PROBLEM TO SOLVE: Transcribe the full listing exactly, and drop every picture.

DATASET SECTION:
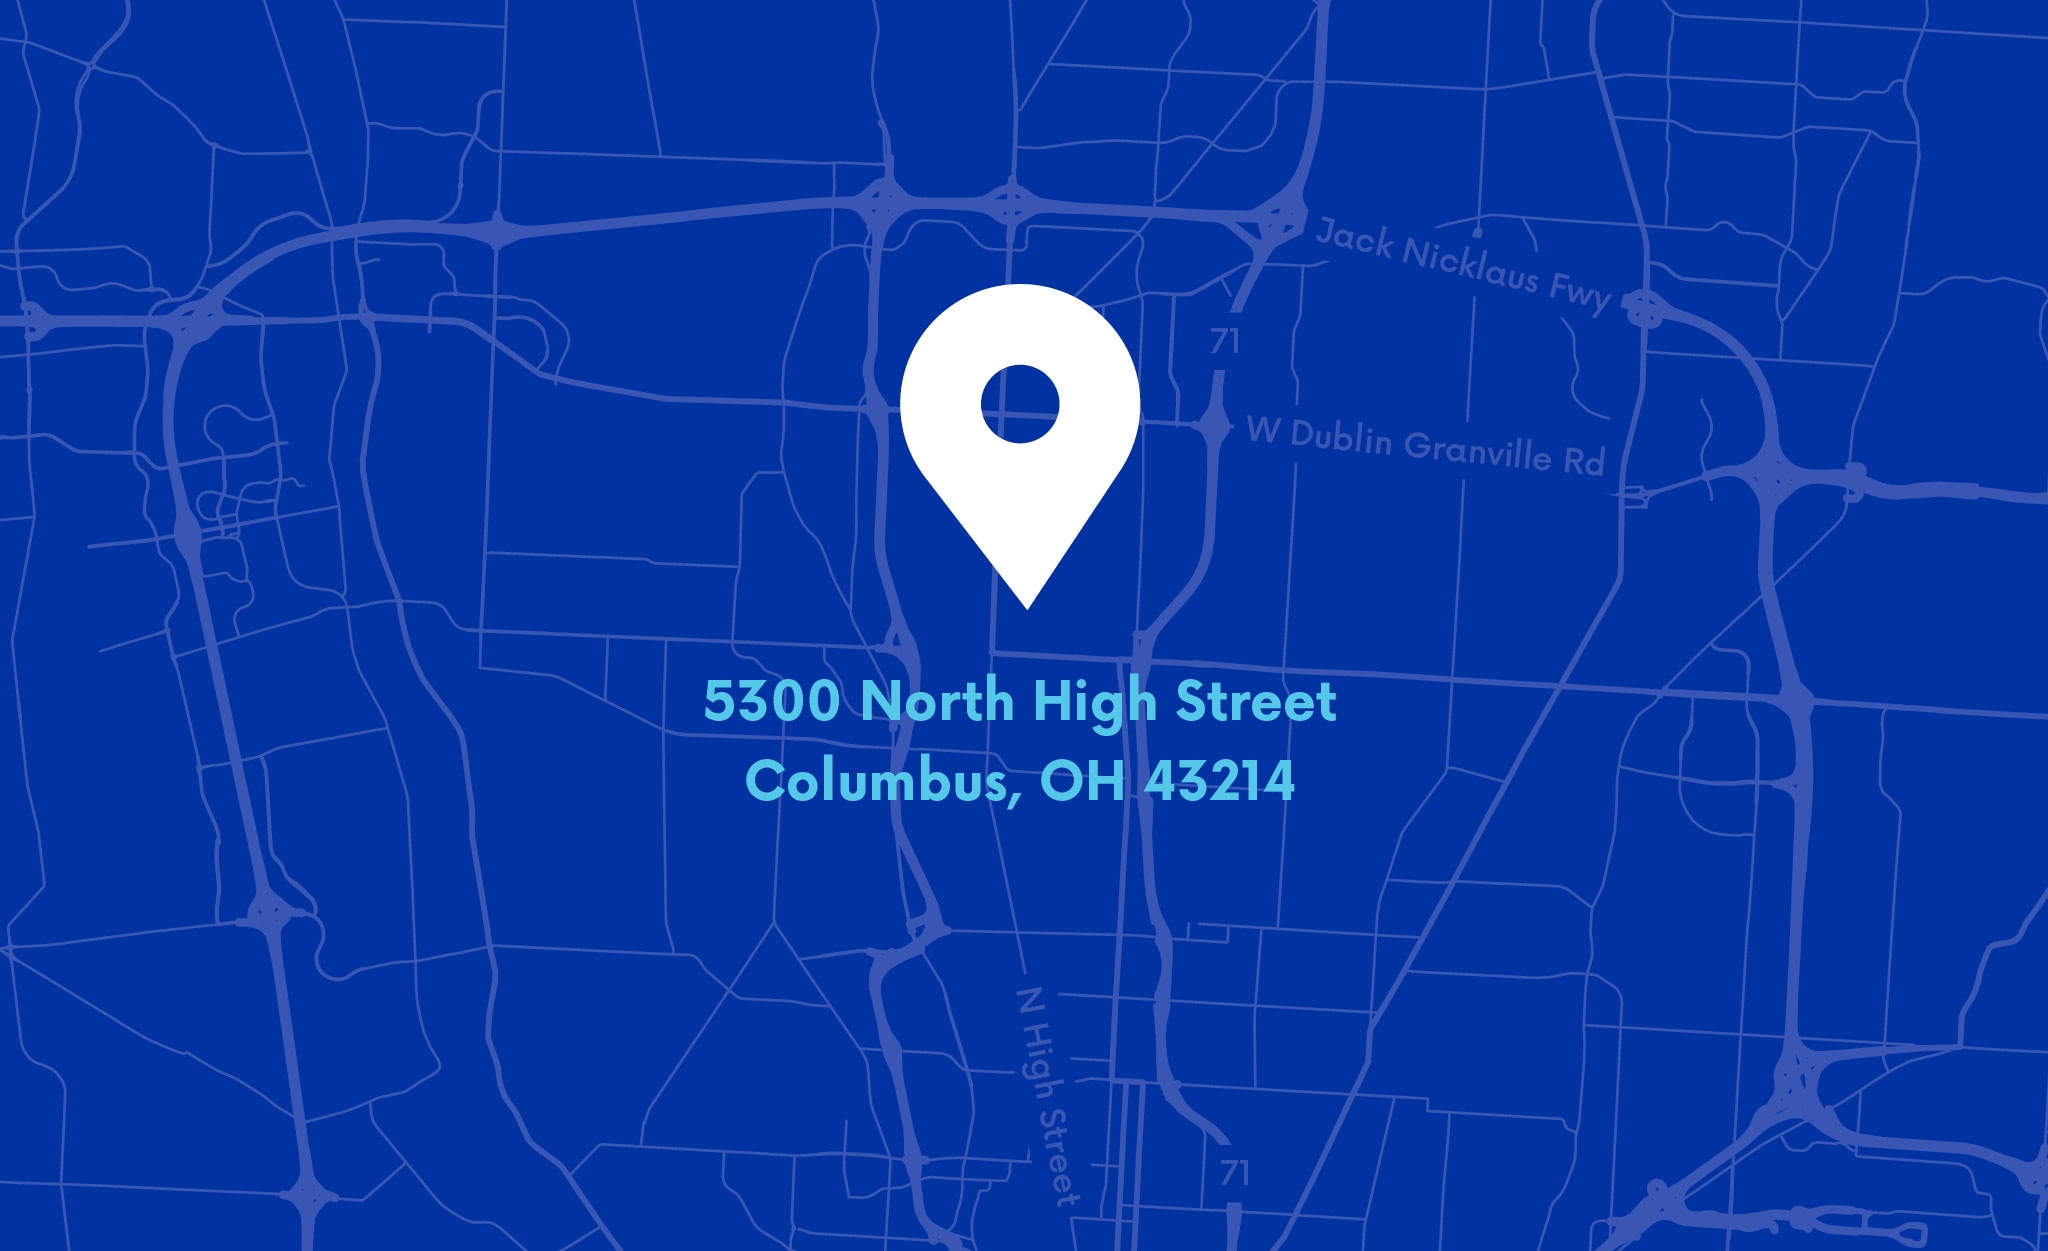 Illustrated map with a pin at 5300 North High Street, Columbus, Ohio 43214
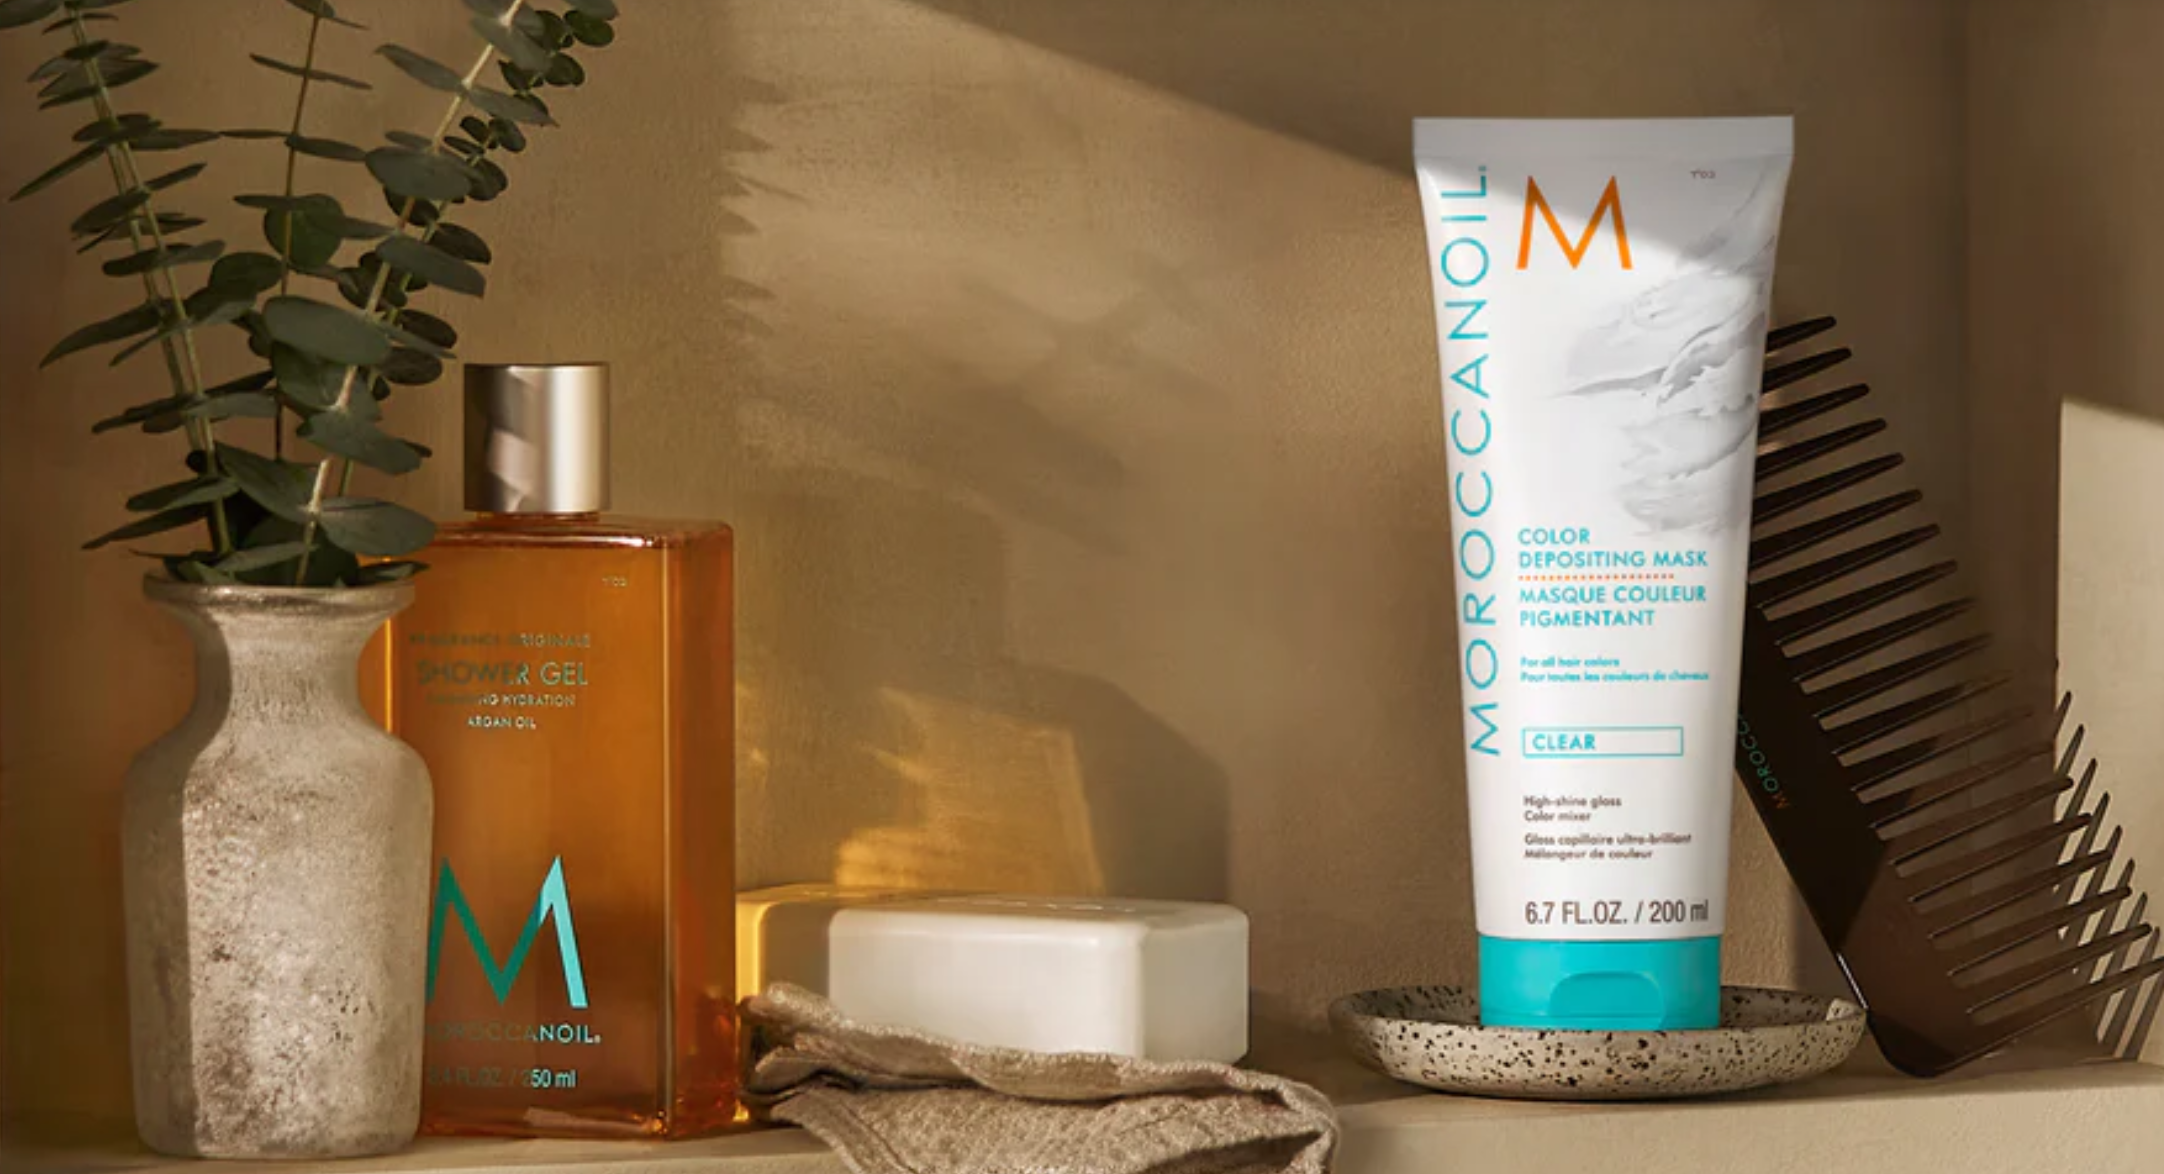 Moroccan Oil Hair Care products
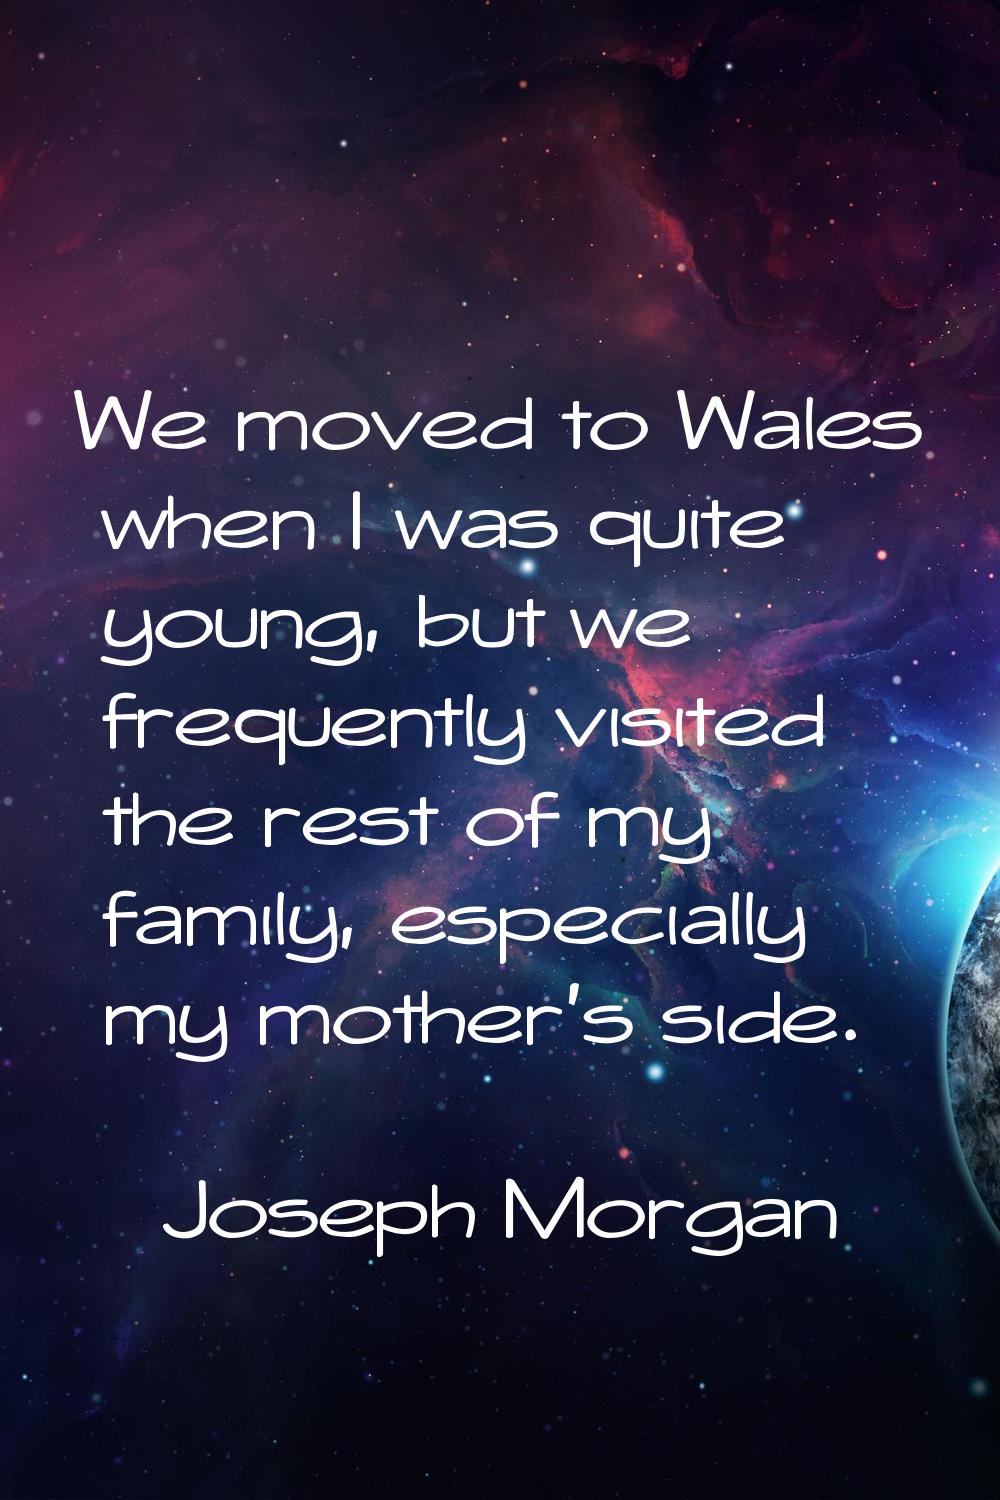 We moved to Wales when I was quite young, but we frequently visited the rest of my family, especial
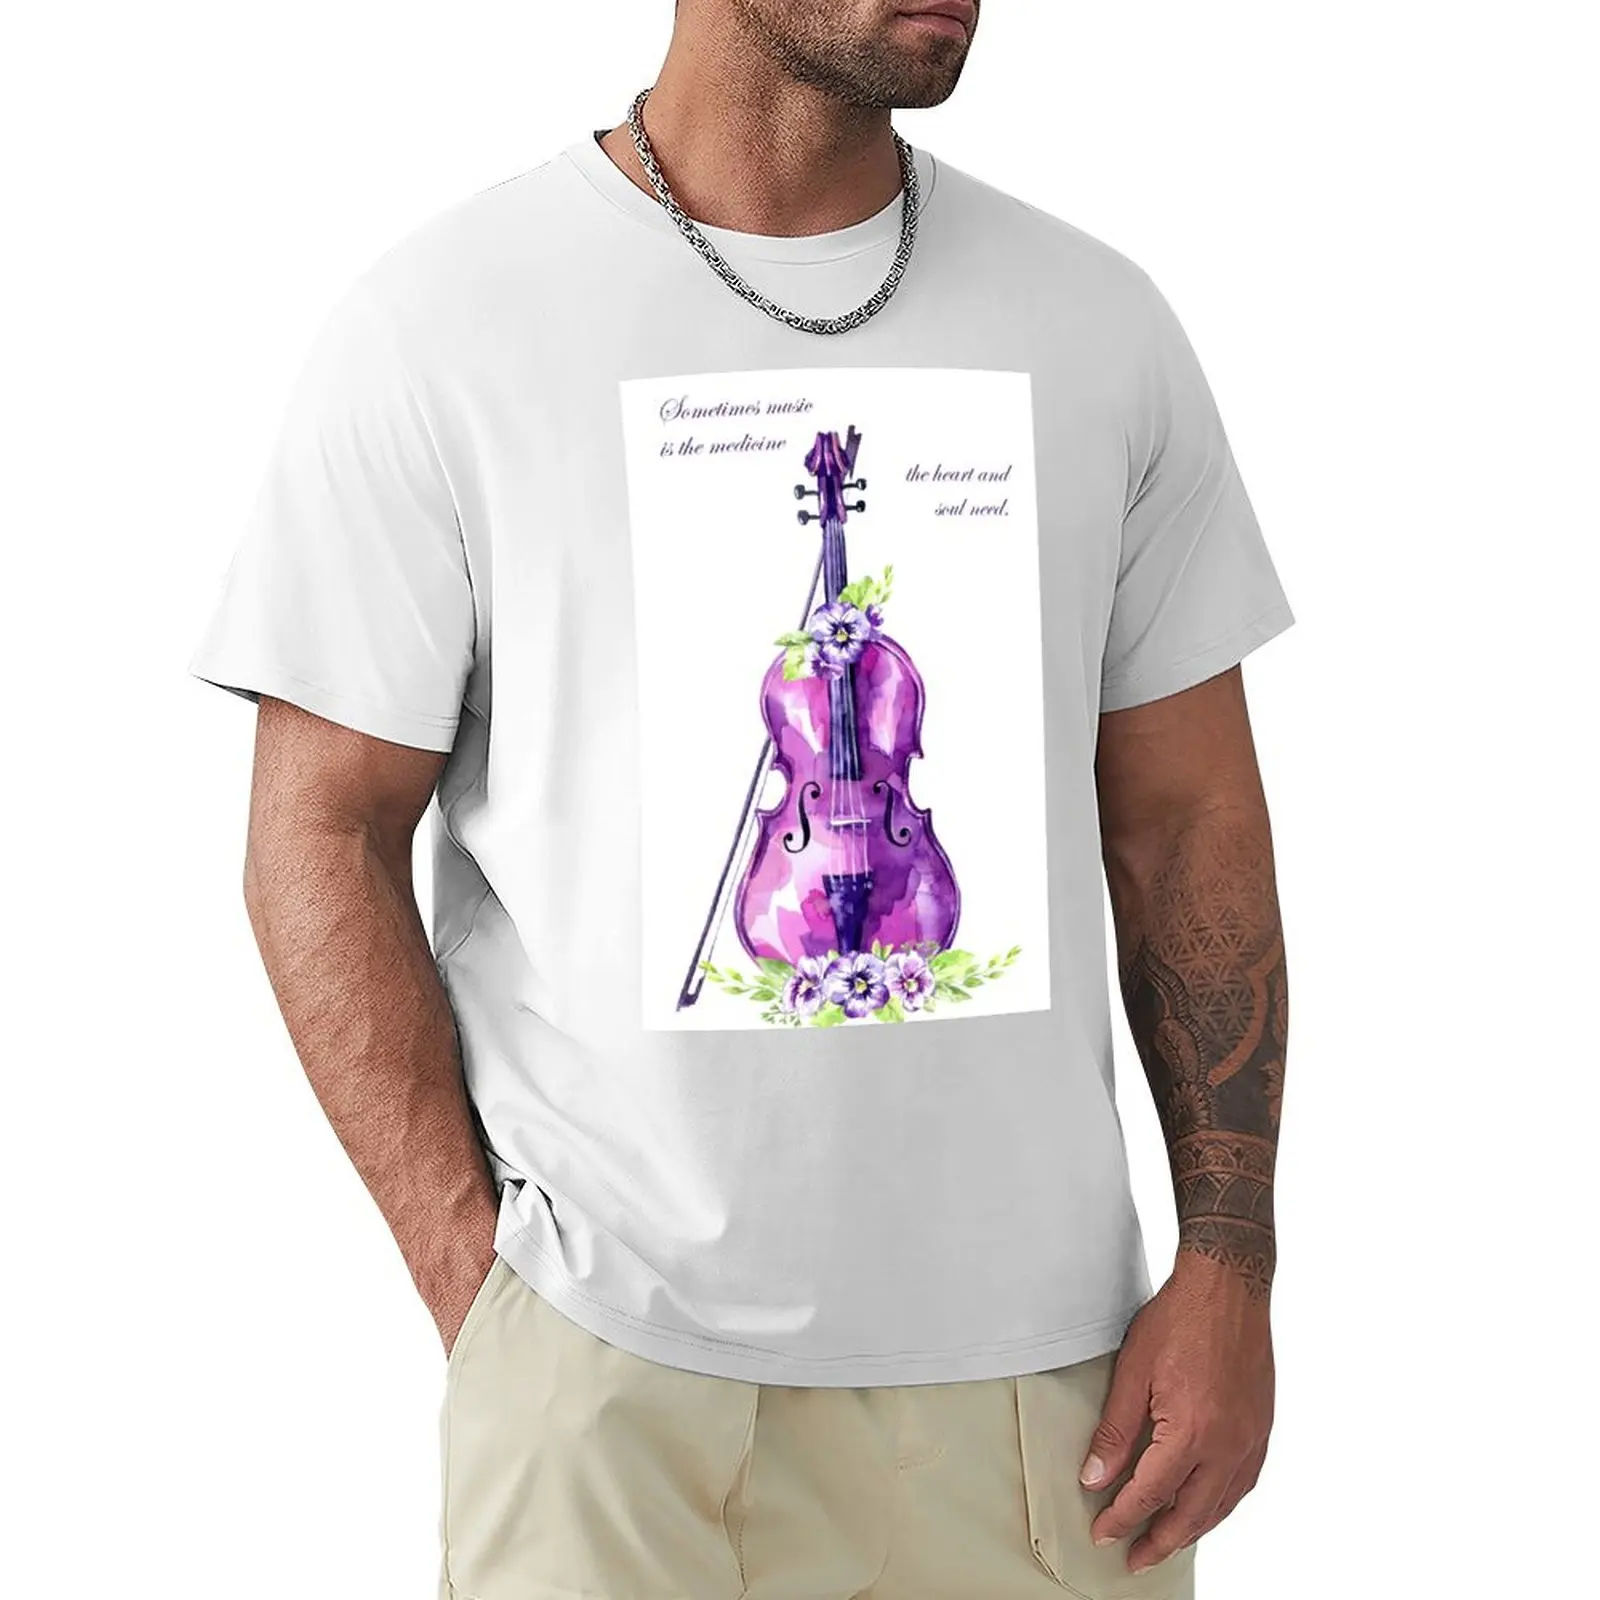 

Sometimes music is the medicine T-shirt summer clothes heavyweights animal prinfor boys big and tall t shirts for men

ANSWER AREA:
 Illustrated map with a pin at 5300 North High Street, Columbus, Ohio 43214
 Moroccan Oil Hair Care products
 We moved to Wales when I was quite young, but we frequently visited the rest of my family, especial

Sometimes music is the medicine T-shirt summer clothes heavyweights animal prinfor boys big and tall t shirts for men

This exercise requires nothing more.